Recorded information Start Marker
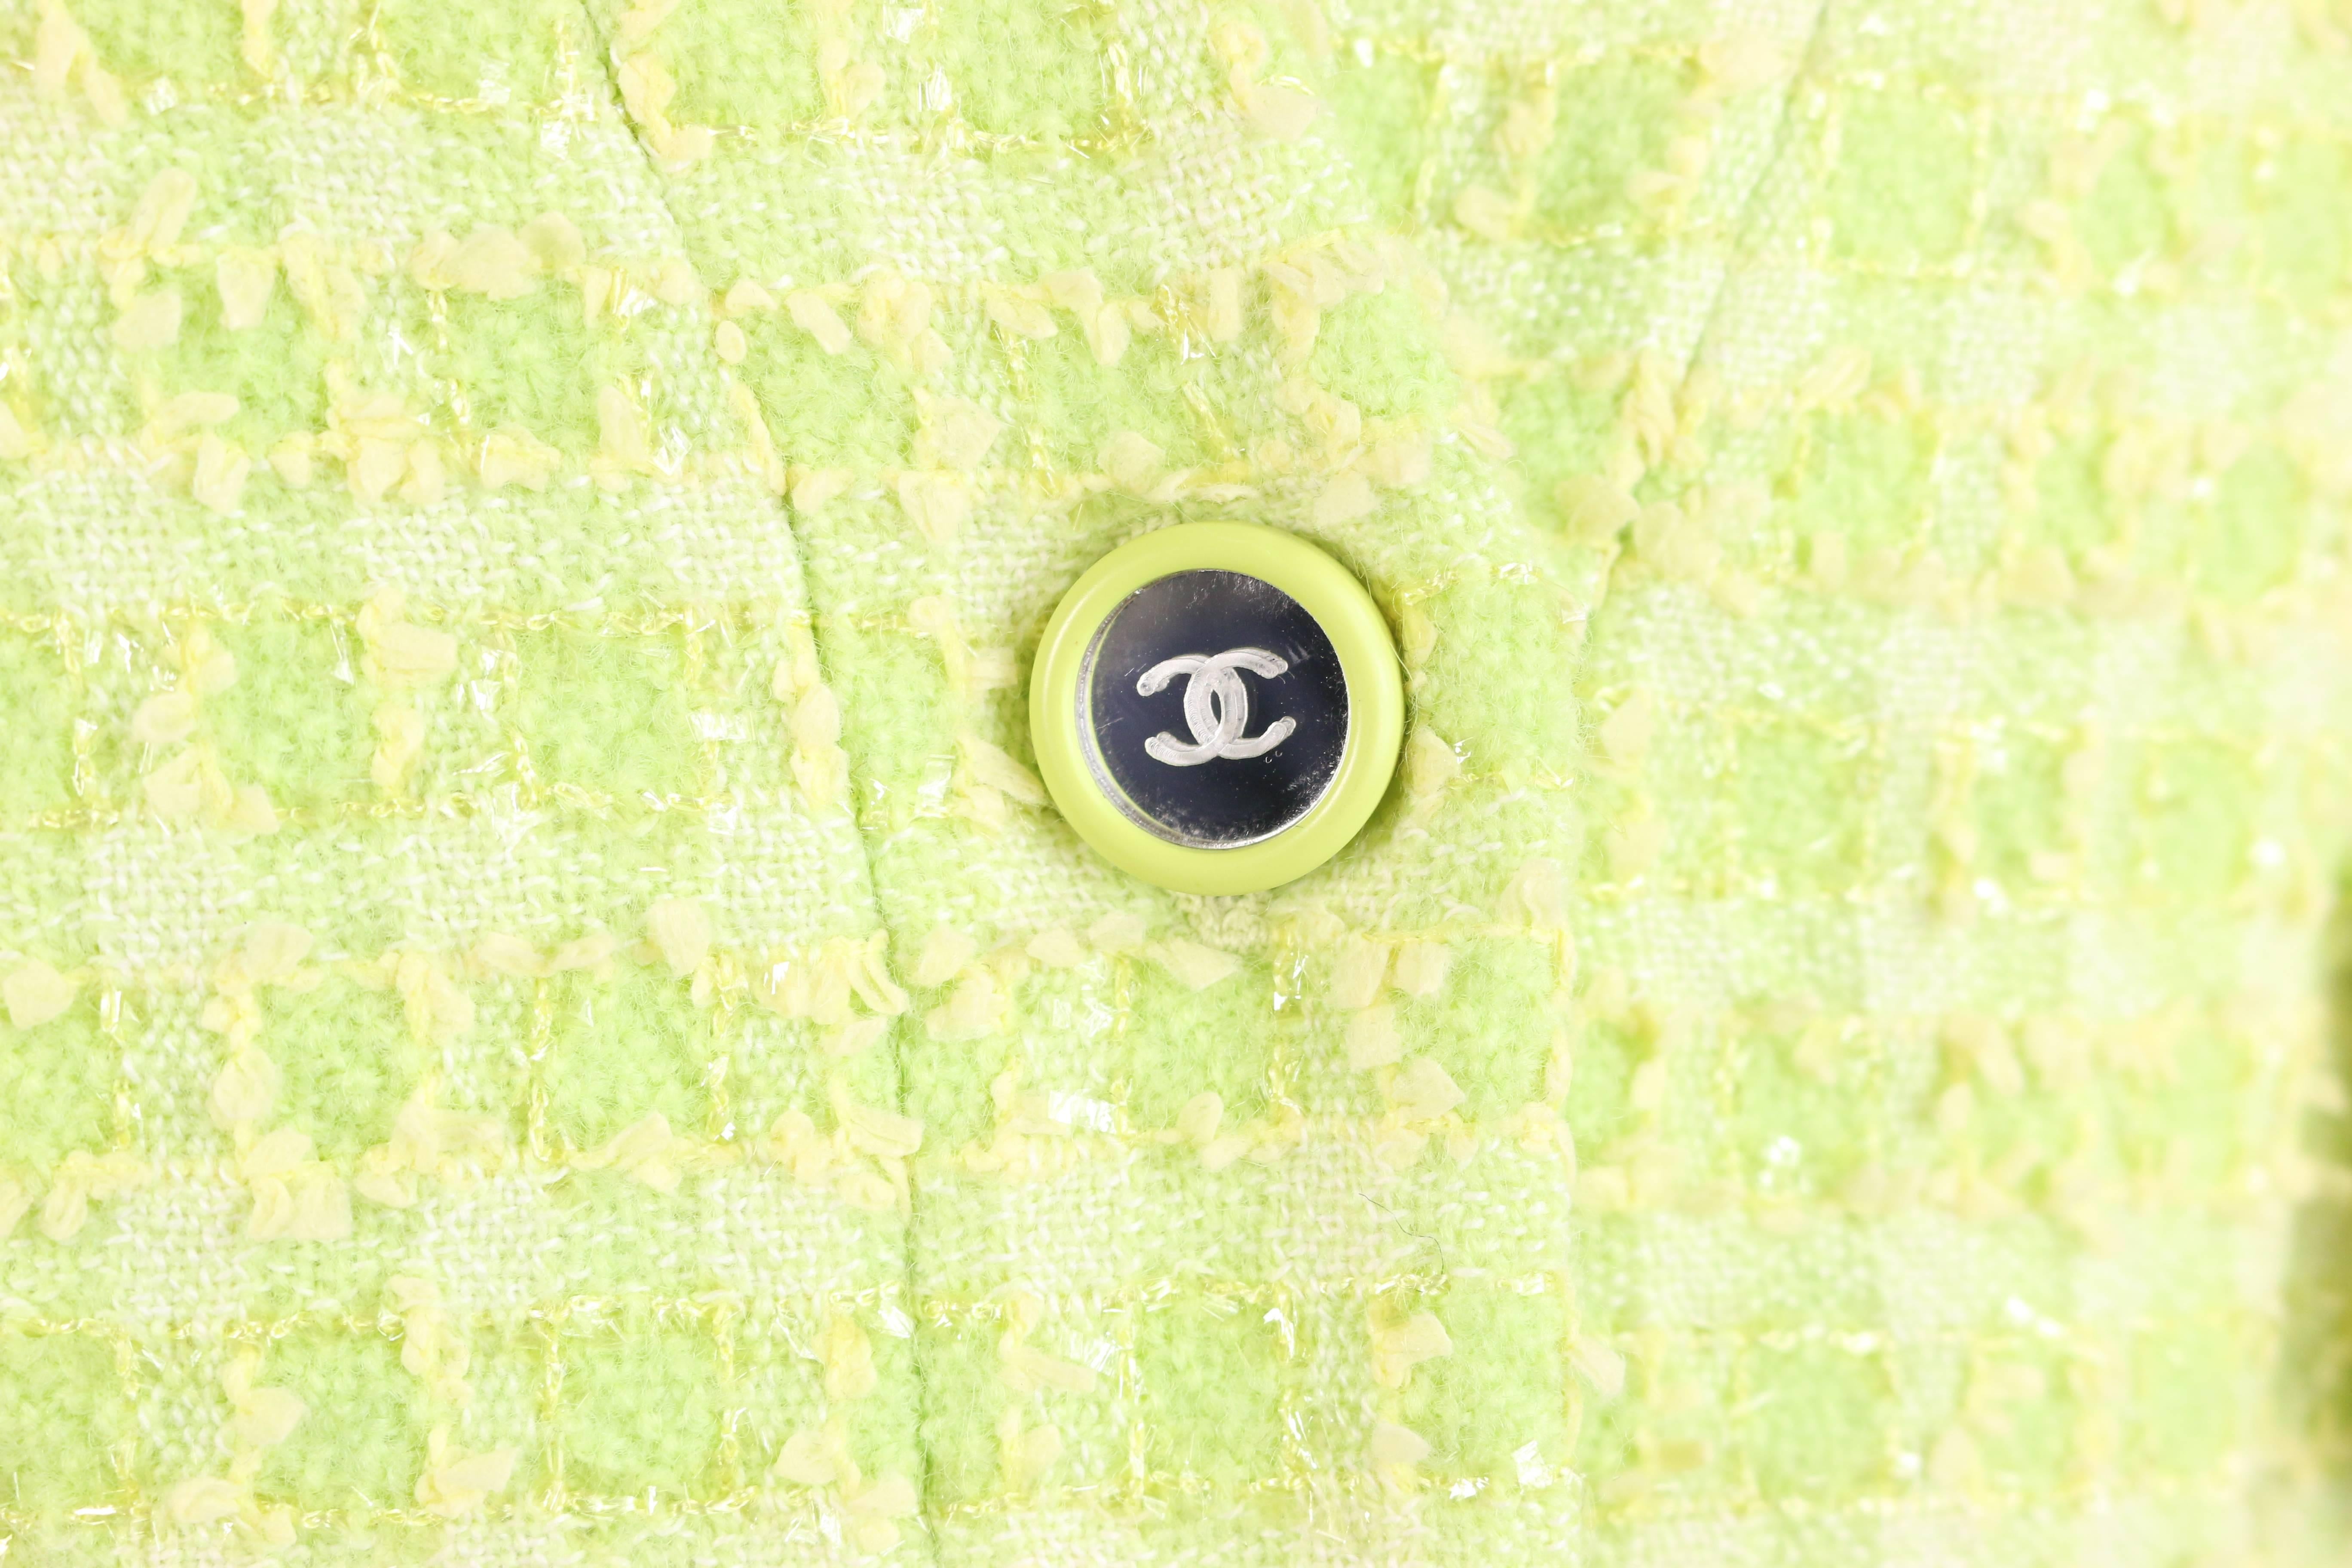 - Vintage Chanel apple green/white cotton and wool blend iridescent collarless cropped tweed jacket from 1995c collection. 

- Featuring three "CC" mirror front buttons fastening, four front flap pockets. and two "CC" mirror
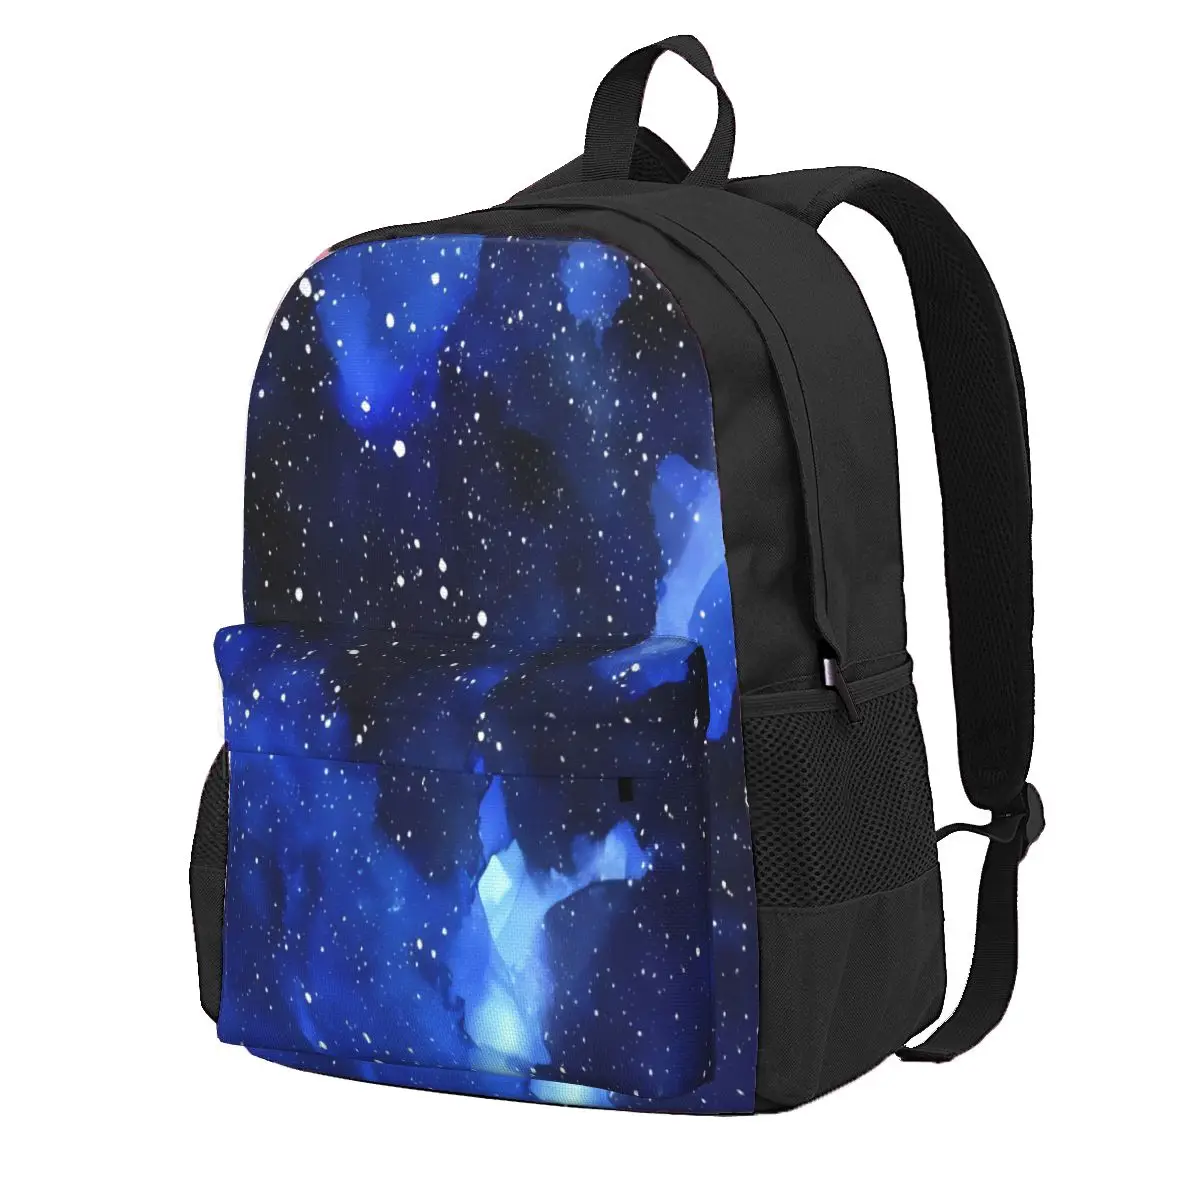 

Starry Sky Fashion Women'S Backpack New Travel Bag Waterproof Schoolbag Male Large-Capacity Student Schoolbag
Recorded information End Marker
Recorded information Start Marker
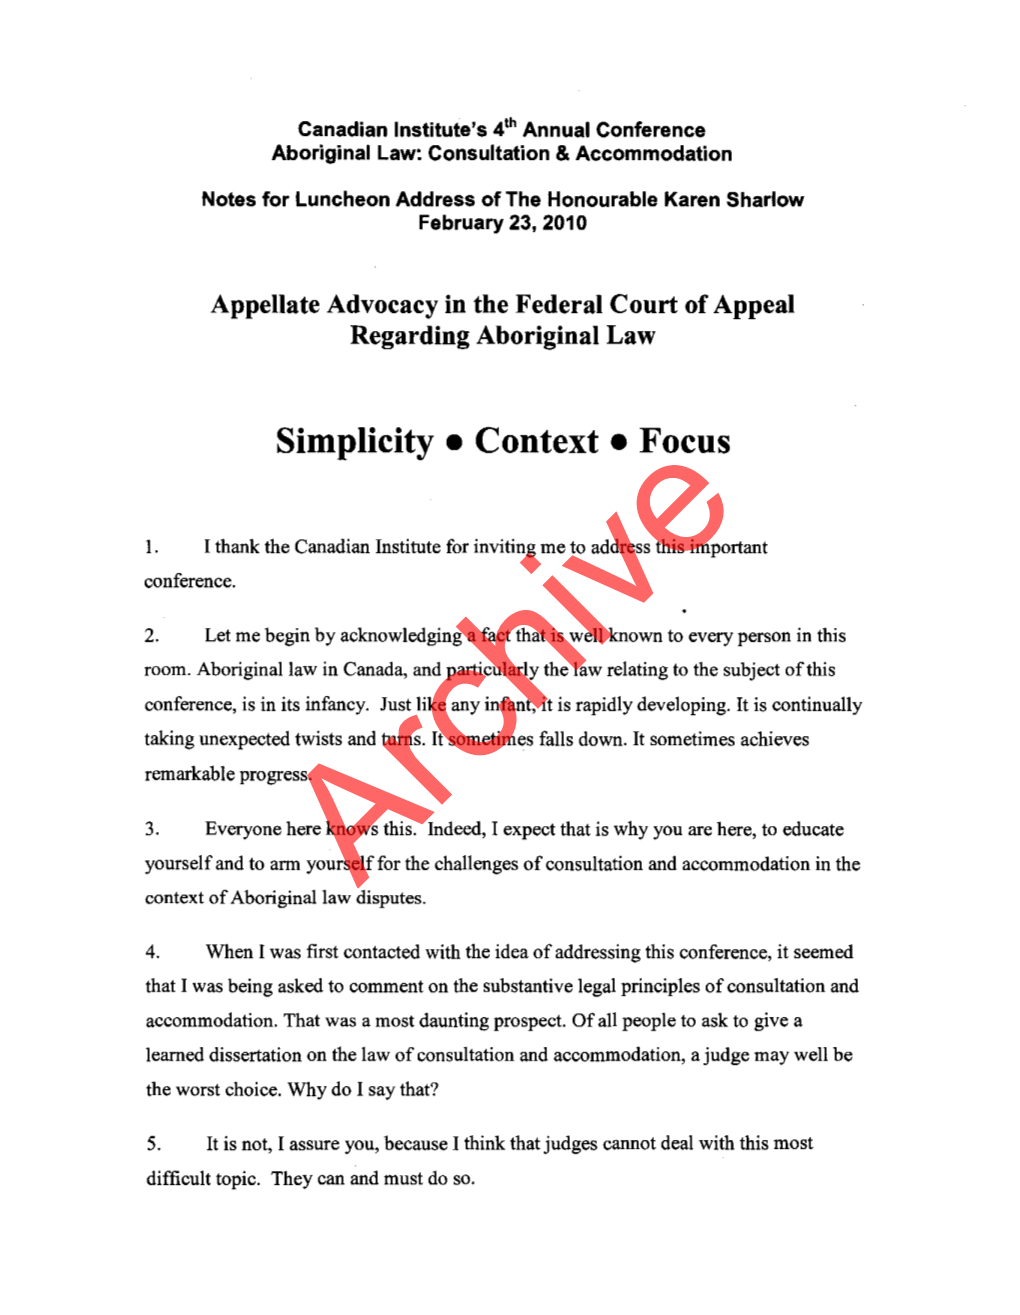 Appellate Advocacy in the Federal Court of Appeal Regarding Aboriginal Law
Recorded information End Marker
> _Task brief_
Look above and copy only the lines from the one holding "- Featuring three" to the one holding "Starry Sky Fashion", both included, exactly, minus the pictures.

> _Response to this exercise_
- Featuring three "CC" mirror front buttons fastening, four front flap pockets. and two "CC" mirror

Starry Sky Fashion Women'S Backpack New Travel Bag Waterproof Schoolbag Male Large-Capacity Student Schoolbag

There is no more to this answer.